Nothing but the lines from the one containing "banner-colecao-amo-bike-3-1" to the end of the data should be copied, exactly, and the pictures stay out.

▶ DATASET CONTENT
++++++++++++++++++++
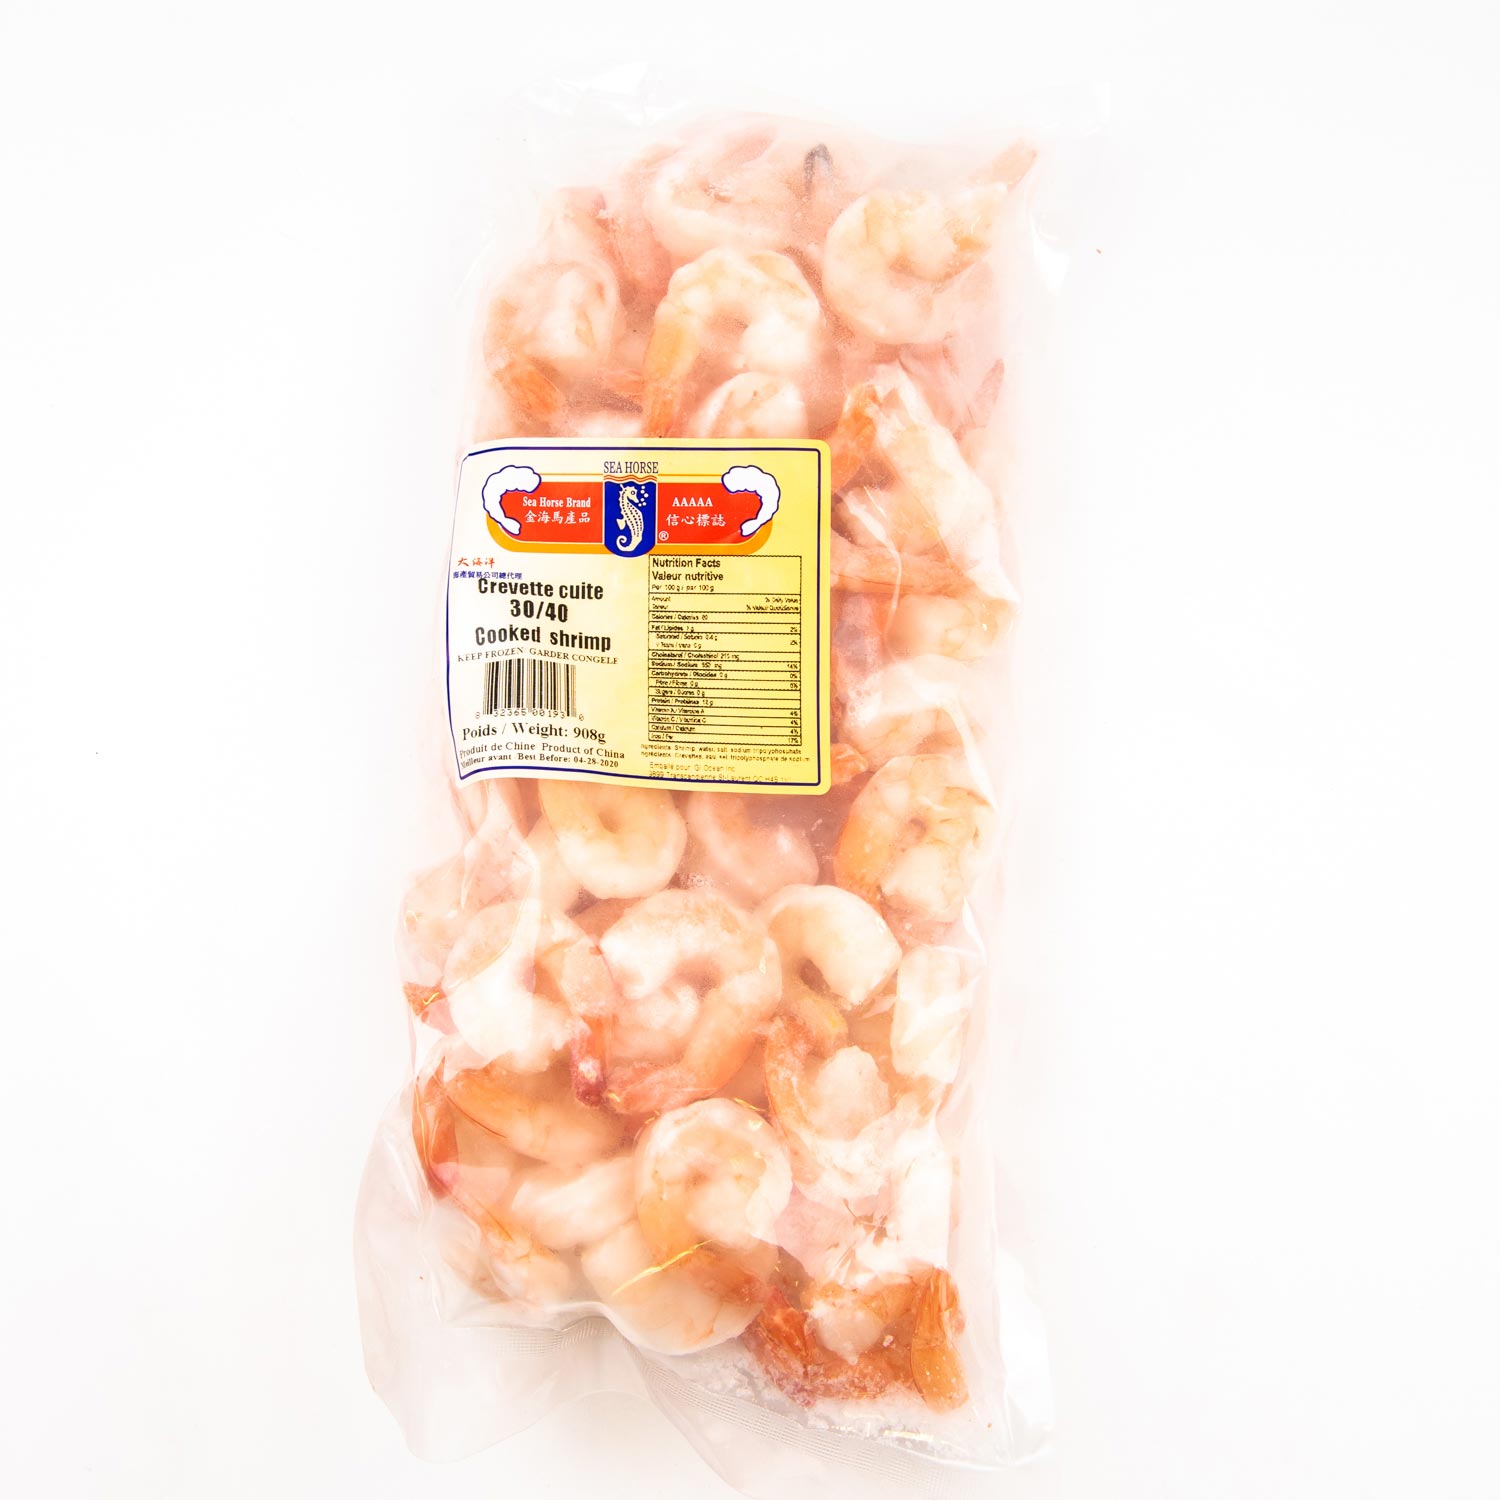 Cooked Shrimps 30/40 2 lb - Cooked shrimp
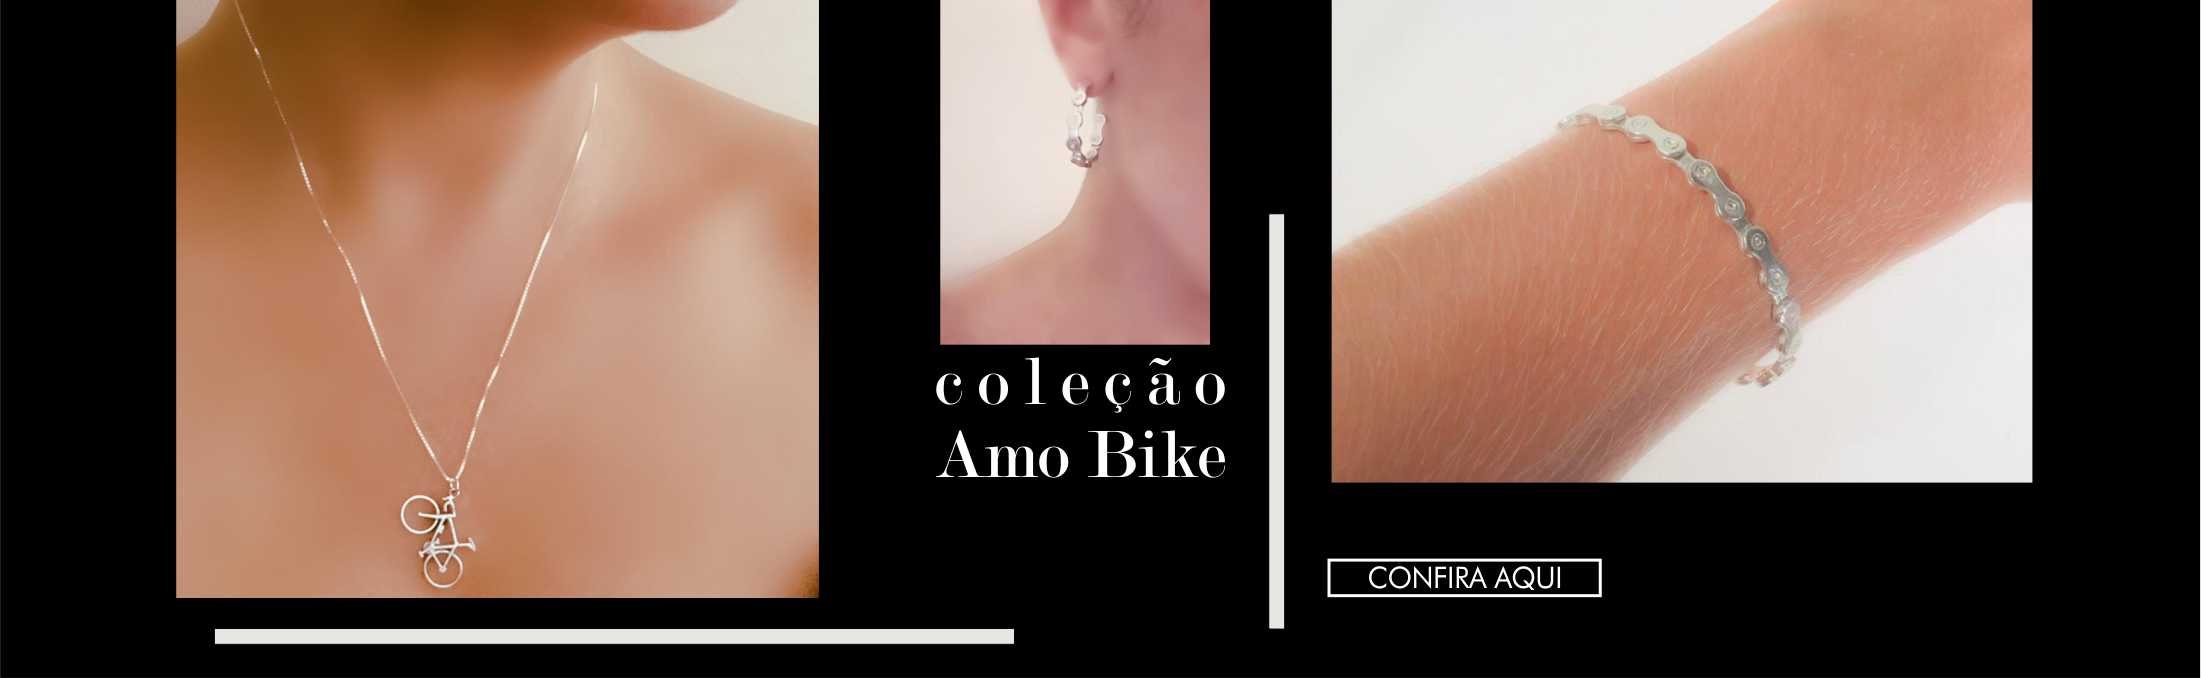 banner-colecao-amo-bike-3-1
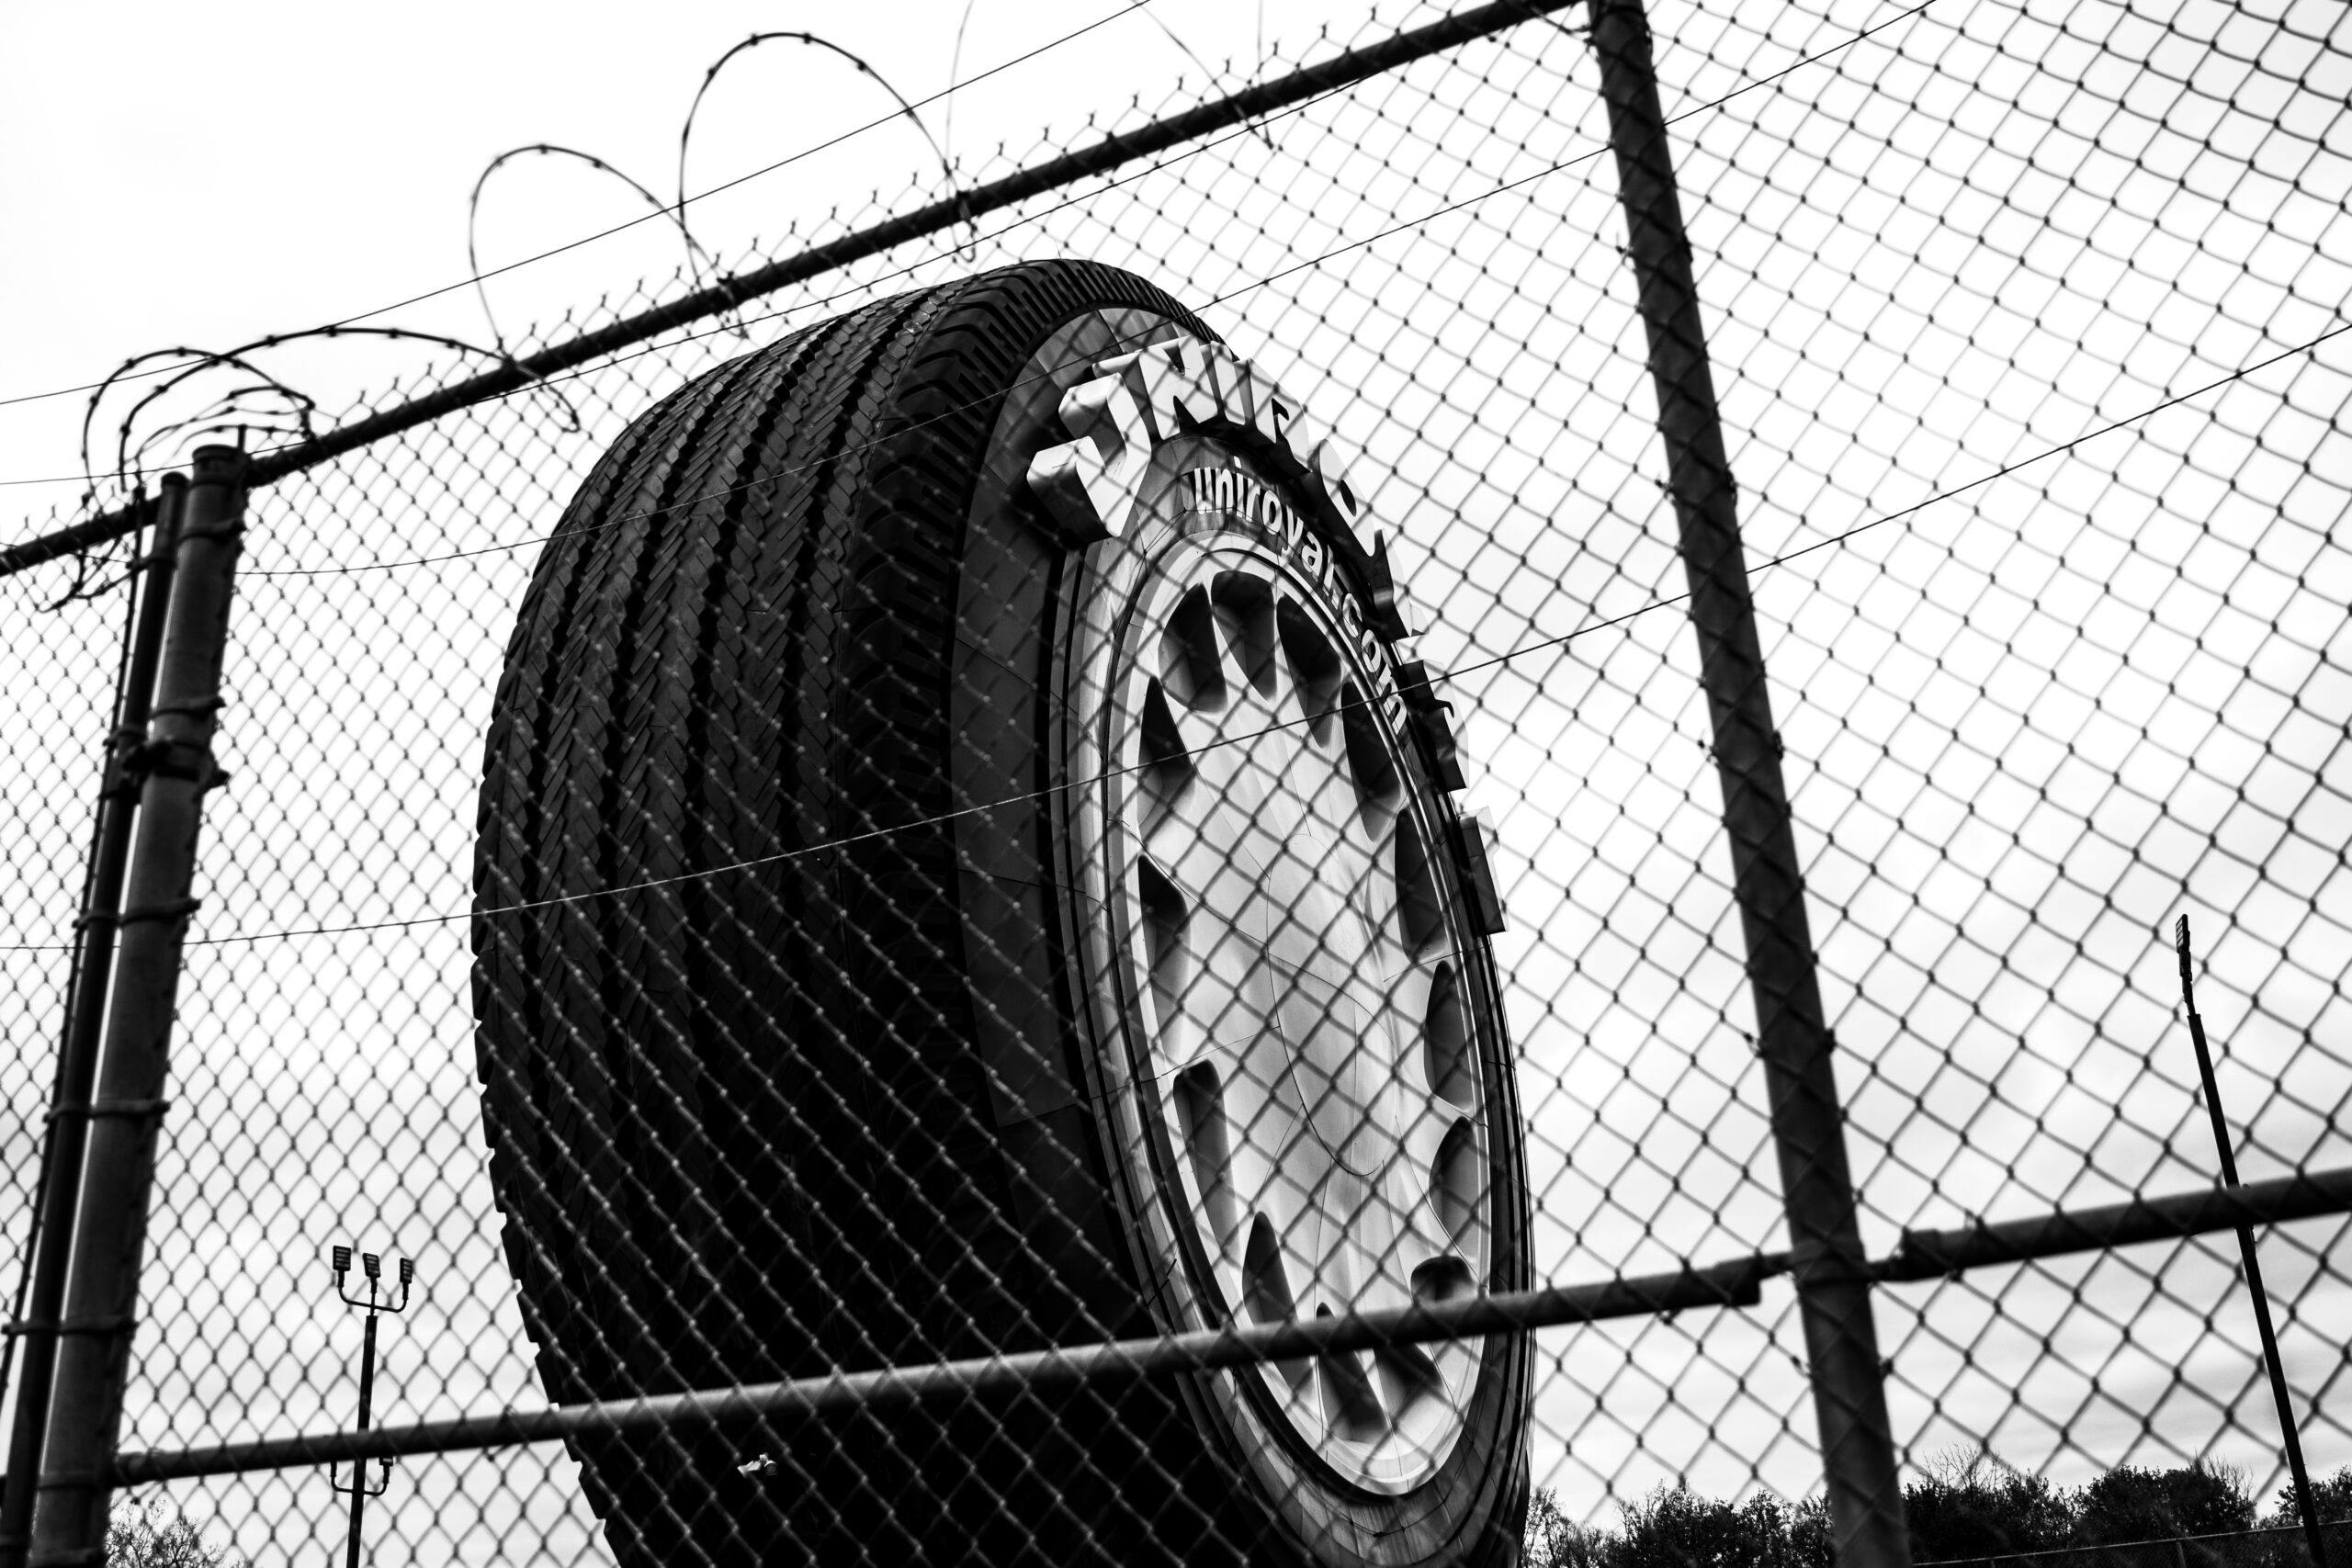 Uniroyal Tire Statue Detroit Michigan through fence
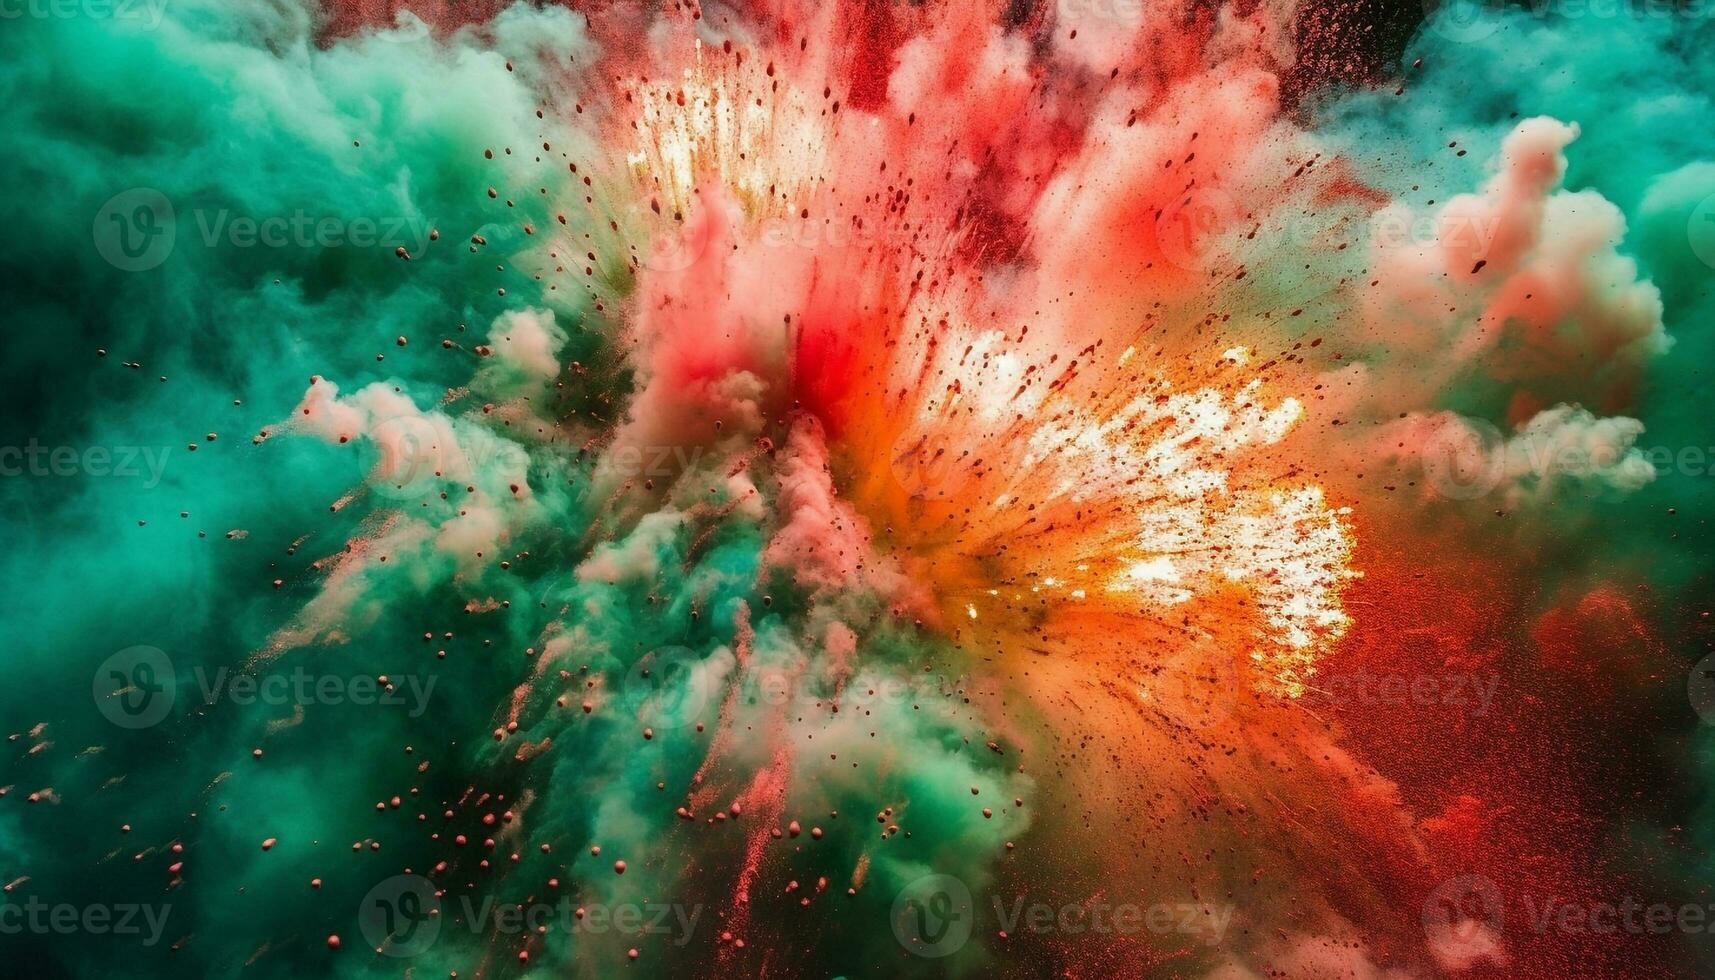 Exploding galaxy creates multi colored underwater nebula in futuristic space generated by AI photo
++++++++++++++++++++
▶ ANSWER SPACE
 banner-colecao-amo-bike-3-1
 Uniroyal Tire Statue Detroit Michigan through fence
 Exploding galaxy creates multi colored underwater nebula in futuristic space generated by AI photo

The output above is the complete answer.